Pocas discusiones resultan tan delicadas para una democracia como aquella que enfrenta dos derechos igualmente legítimos: el derecho de las audiencias a recibir información de calidad y el derecho de los medios de comunicación a ejercer la libertad de expresión sin injerencias indebidas. La discusión en torno a los Lineamientos Generales para la Protección de los Derechos de las Audiencias ha vuelto a colocar ese equilibrio en el centro del debate público.
Conviene precisar que no se trata propiamente de una nueva ley, sino de los lineamientos que desarrollan la Ley en Materia de Telecomunicaciones y Radiodifusión, emitidos por la Comisión Reguladora de Telecomunicaciones (CRT) y actualmente en consulta pública. Su objetivo es establecer los mecanismos mediante los cuales las personas radioescuchas y televidentes podrán ejercer los derechos que la legislación les reconoce frente a los concesionarios.
El debate tampoco es nuevo. Los derechos de las audiencias fueron incorporados al marco jurídico mexicano con la reforma constitucional en telecomunicaciones de 2013 y desarrollados en la Ley Federal de Telecomunicaciones y Radiodifusión de 2014, particularmente en sus artículos 256 al 261. Desde entonces, la regulación ha sido objeto de modificaciones, controversias constitucionales y resoluciones de la Suprema Corte, por lo que la discusión actual representa un nuevo episodio en una conversación que México mantiene desde hace más de una década.

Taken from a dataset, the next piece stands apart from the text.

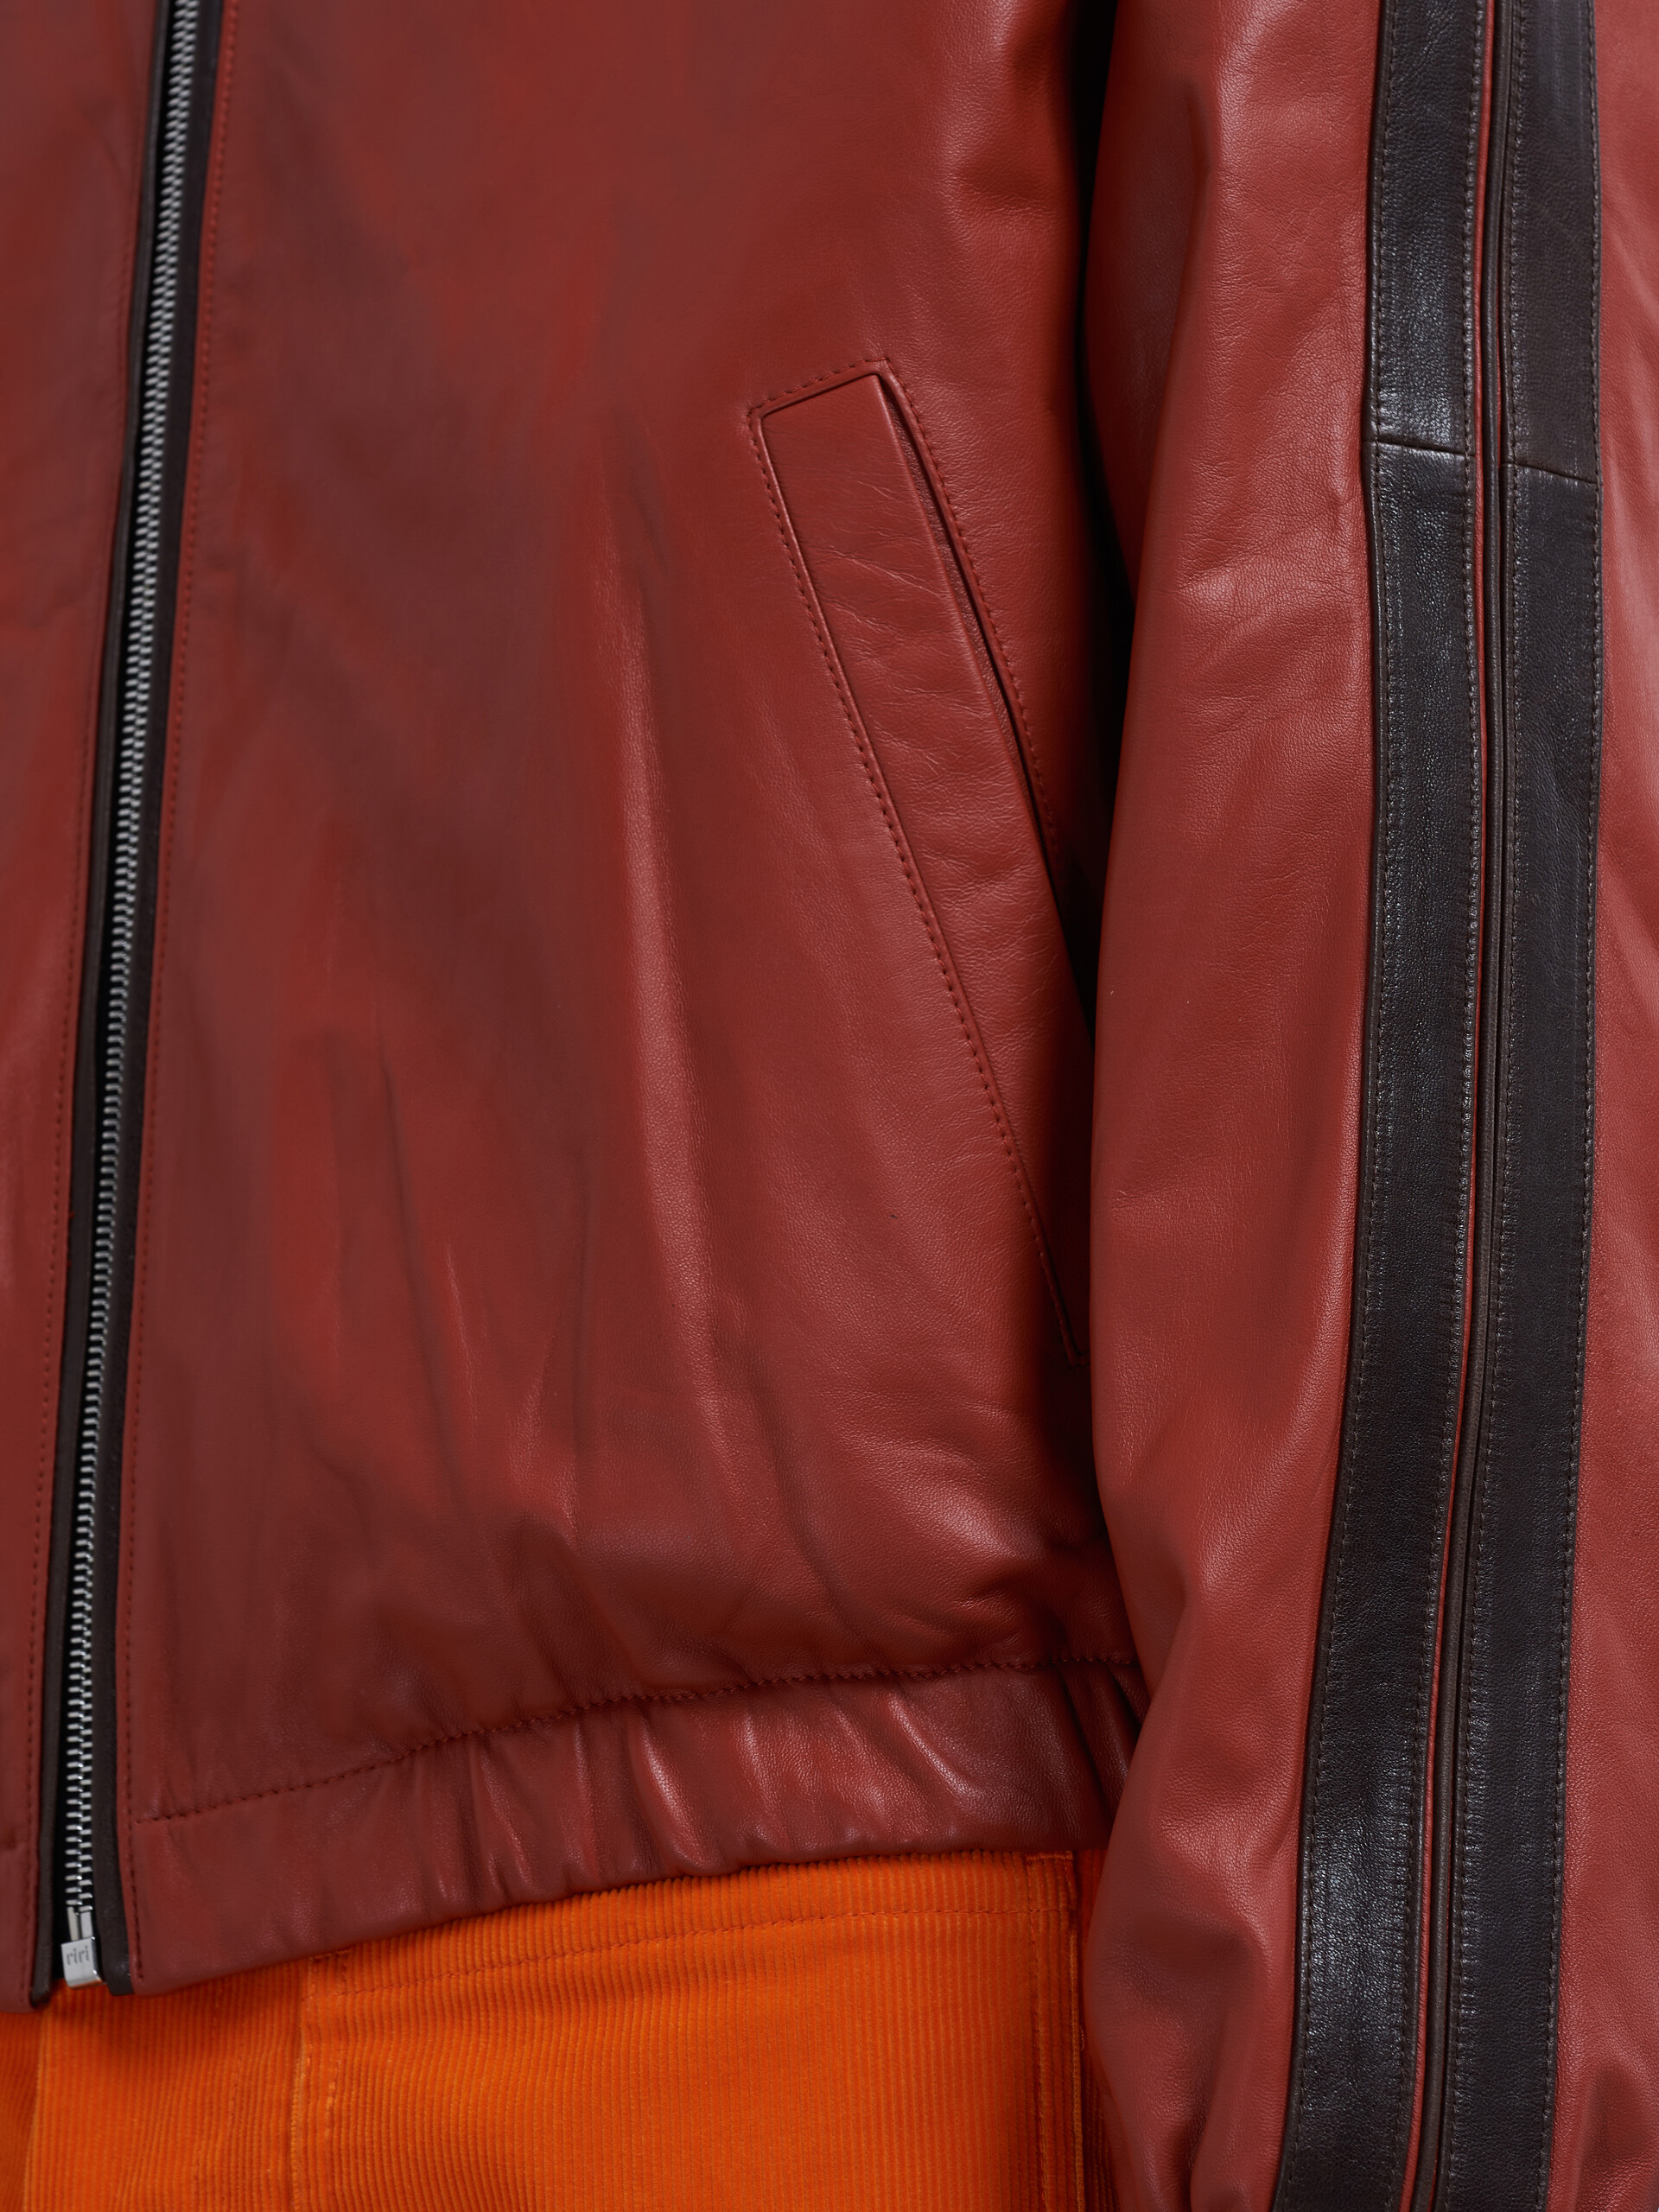 Lamb leather jacket - Jackets - Image 5

En principio, el propósito de los nuevos lineamientos parece difícil de cuestionar. Establecen obligaciones para que los concesionarios distingan claramente entre información, opinión y publicidad; cuenten con un Código de Ética; designen una Defensoría de las Audiencias; atiendan quejas y solicitudes de rectificación; y promuevan la difusión de información verificada. En un contexto donde la desinformación circula con enorme facilidad y las redes sociales han desdibujado las fronteras entre periodismo, propaganda y creación de contenidos, resulta razonable que el Estado busque fortalecer los derechos de las audiencias.

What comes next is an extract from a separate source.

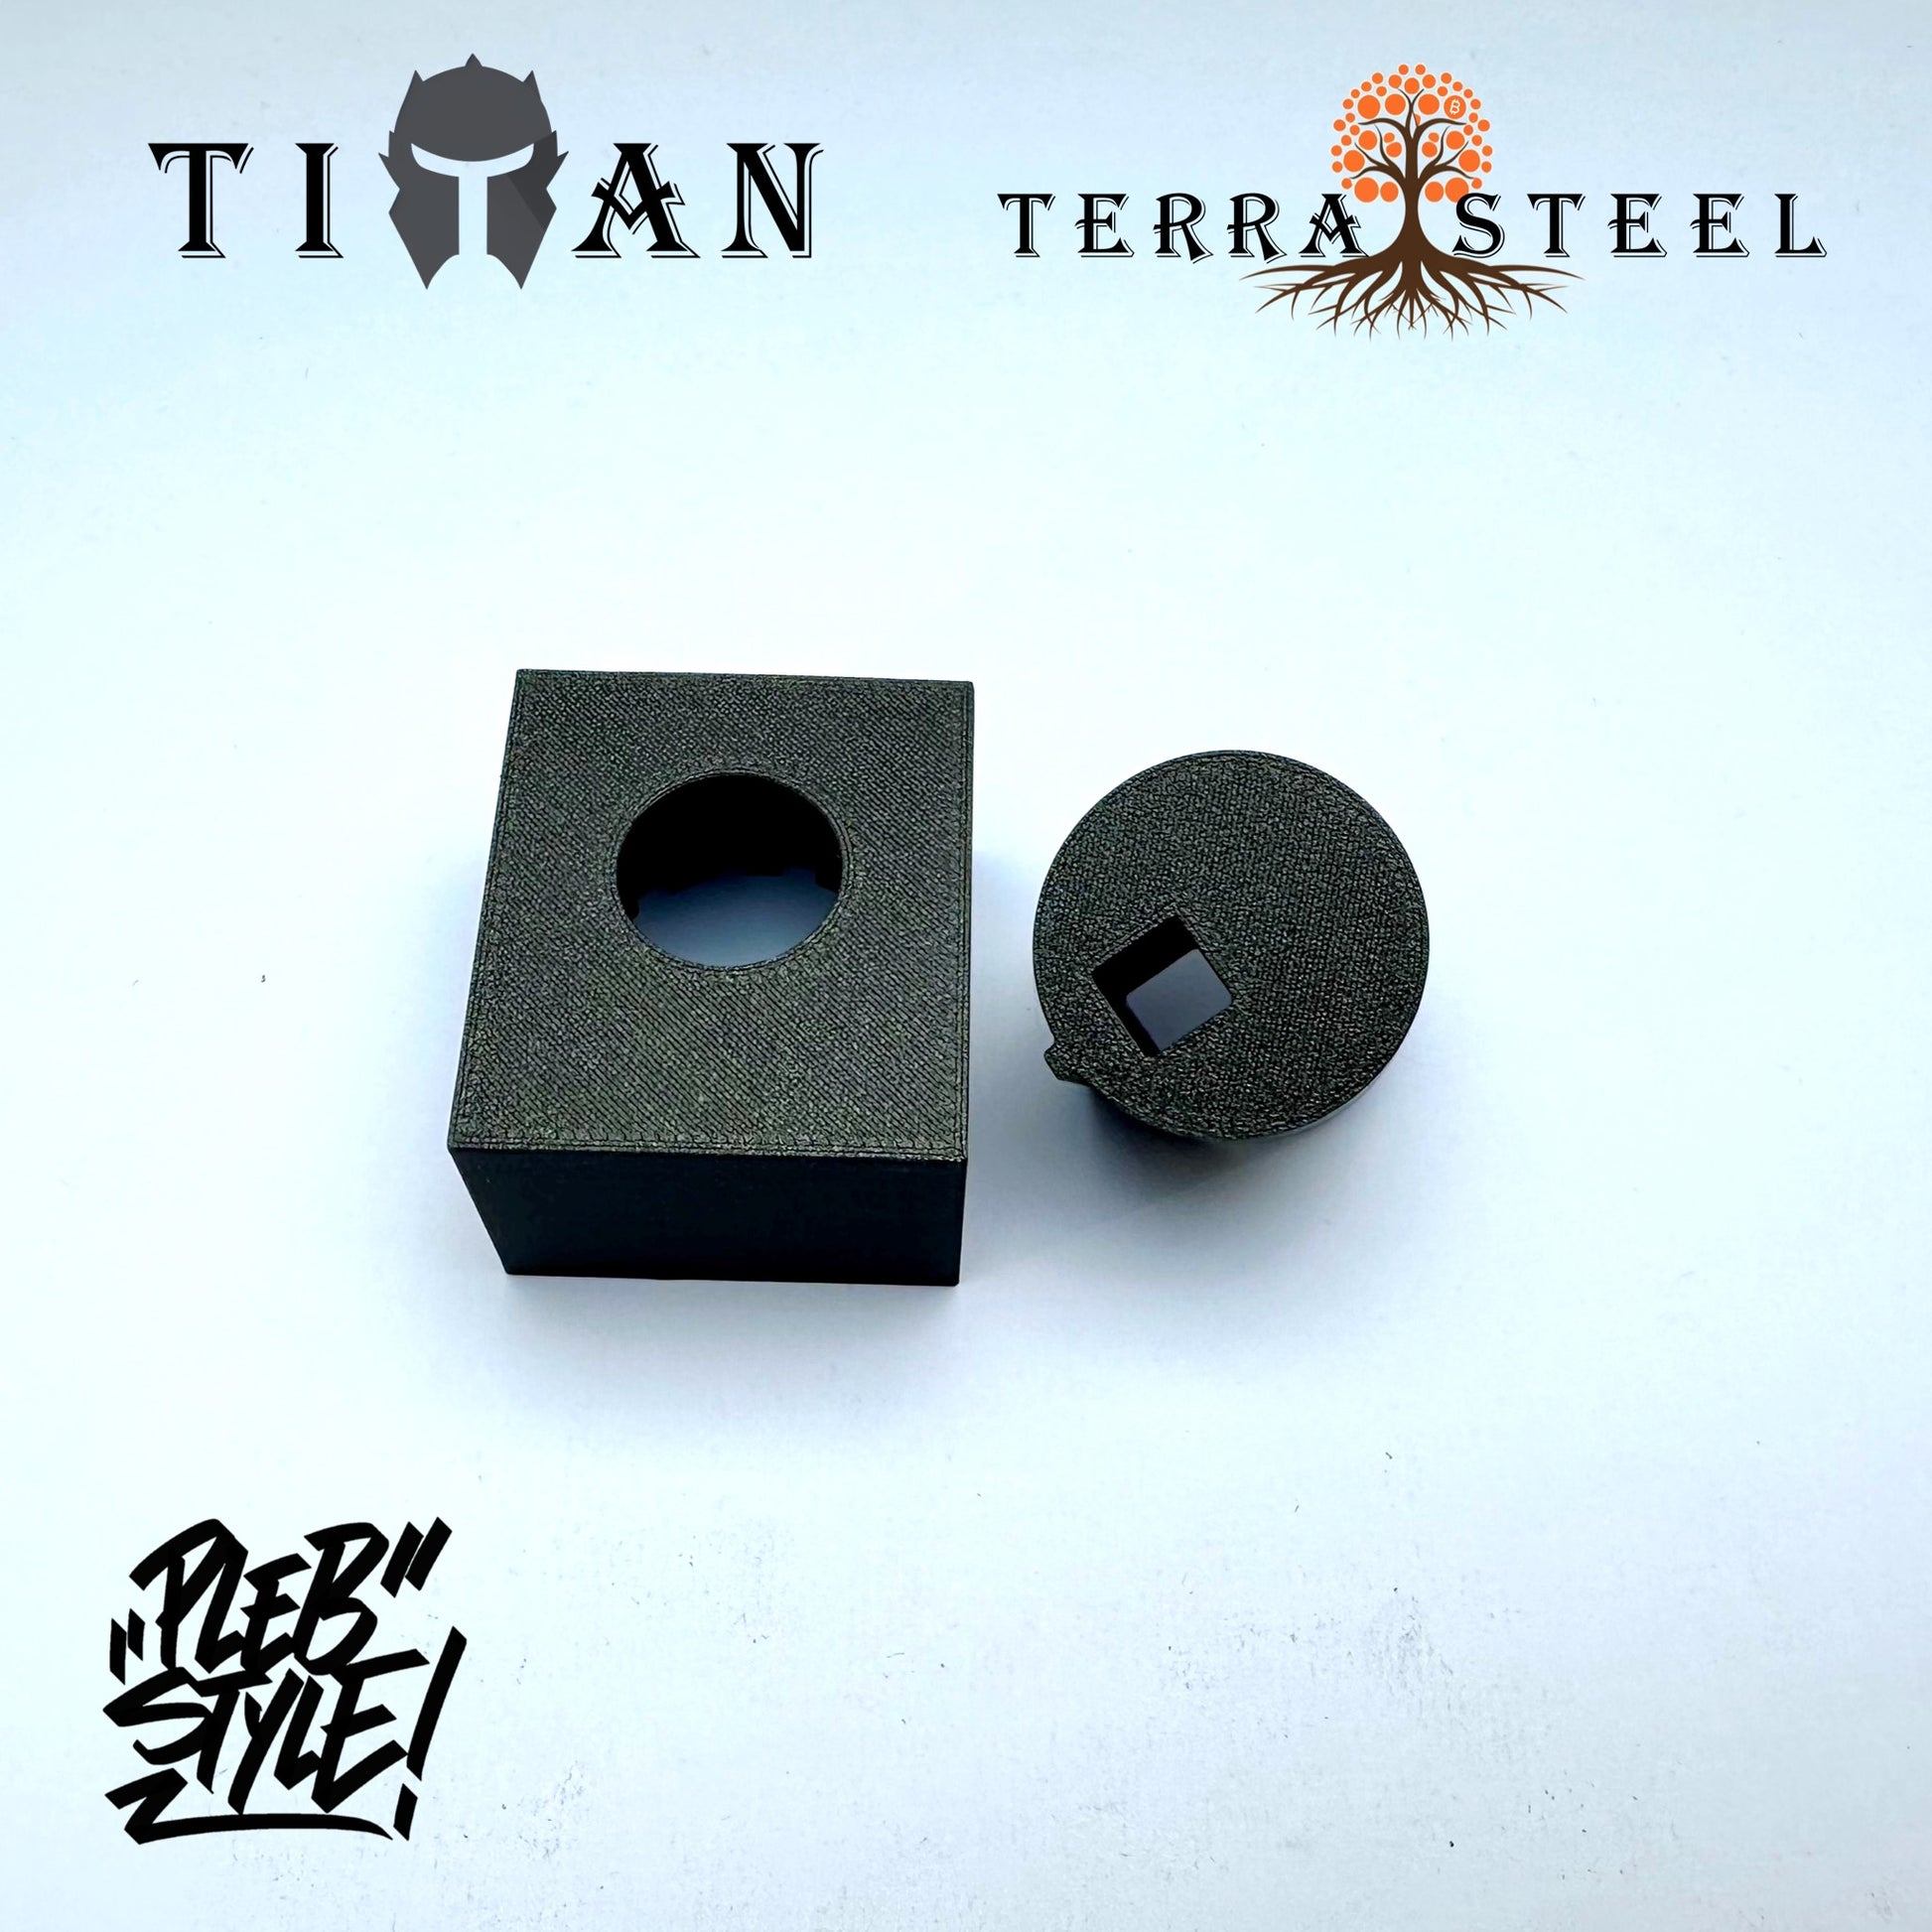 Striking Aid/Jig for Titan Wallet TerraSteel Steel Wallet by Plebstyle - backside

Sin embargo, el problema nunca ha sido la intención, sino el instrumento. Las principales observaciones se concentran en la amplitud de algunos conceptos previstos en los lineamientos. ¿Quién determinará cuándo una información es falsa, engañosa o carece del contexto suficiente? ¿Cuáles serán los criterios para distinguir un error periodístico de un intento deliberado de desinformar? La preocupación expresada por organizaciones civiles, especialistas y medios radica en que estas valoraciones podrían resultar subjetivas si no existen reglas claras y contrapesos efectivos.

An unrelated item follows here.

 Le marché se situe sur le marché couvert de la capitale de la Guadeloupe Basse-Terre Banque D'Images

El punto más sensible es el papel que desempeñará la Comisión Reguladora de Telecomunicaciones, autoridad encargada de aplicar estos lineamientos y con facultades para conocer de procedimientos e imponer sanciones. No se cuestiona únicamente la existencia de una autoridad reguladora, sino el alcance de sus atribuciones y las garantías de independencia con las que deberá actuar.
Del otro lado del debate también conviene evitar simplificaciones. Sostener que toda regulación constituye censura desconoce que el espectro radioeléctrico es un bien público concesionado por el Estado y que, como ocurre en la mayoría de las democracias, existen obligaciones para quienes hacen uso de él. La libertad de expresión no excluye responsabilidades, del mismo modo que la protección de las audiencias no puede convertirse en un mecanismo de control editorial.
Quizá ahí reside el verdadero desafío. Una buena regulación no debe diseñarse pensando únicamente en el gobierno que la impulsa, sino en cualquier gobierno que pueda aplicarla en el futuro. Las facultades que hoy parecen razonables pueden convertirse mañana en instrumentos de presión si no existen procedimientos transparentes, criterios objetivos y órganos con suficiente autonomía para evitar cualquier uso discrecional.
También sería un error reducir la discusión a la radio y la televisión. Hoy buena parte de la conversación pública ocurre en plataformas digitales, donde proliferan campañas de desinformación, contenidos manipulados, inteligencia artificial y publicidad disfrazada de información. Regular únicamente a los medios tradicionales podría dejar fuera el espacio donde actualmente se generan muchos de los problemas que precisamente se pretende atender.
Al final, la democracia necesita dos cosas al mismo tiempo: medios libres y ciudadanos bien informados. Ninguna puede sacrificarse en nombre de la otra. El verdadero reto consiste en construir un marco regulatorio que fortalezca los derechos de las audiencias sin debilitar la libertad de expresión. Porque la confianza pública no se impone mediante lineamientos ni decretos; se construye con instituciones creíbles, periodismo responsable y una ciudadanía cada vez más crítica e informada.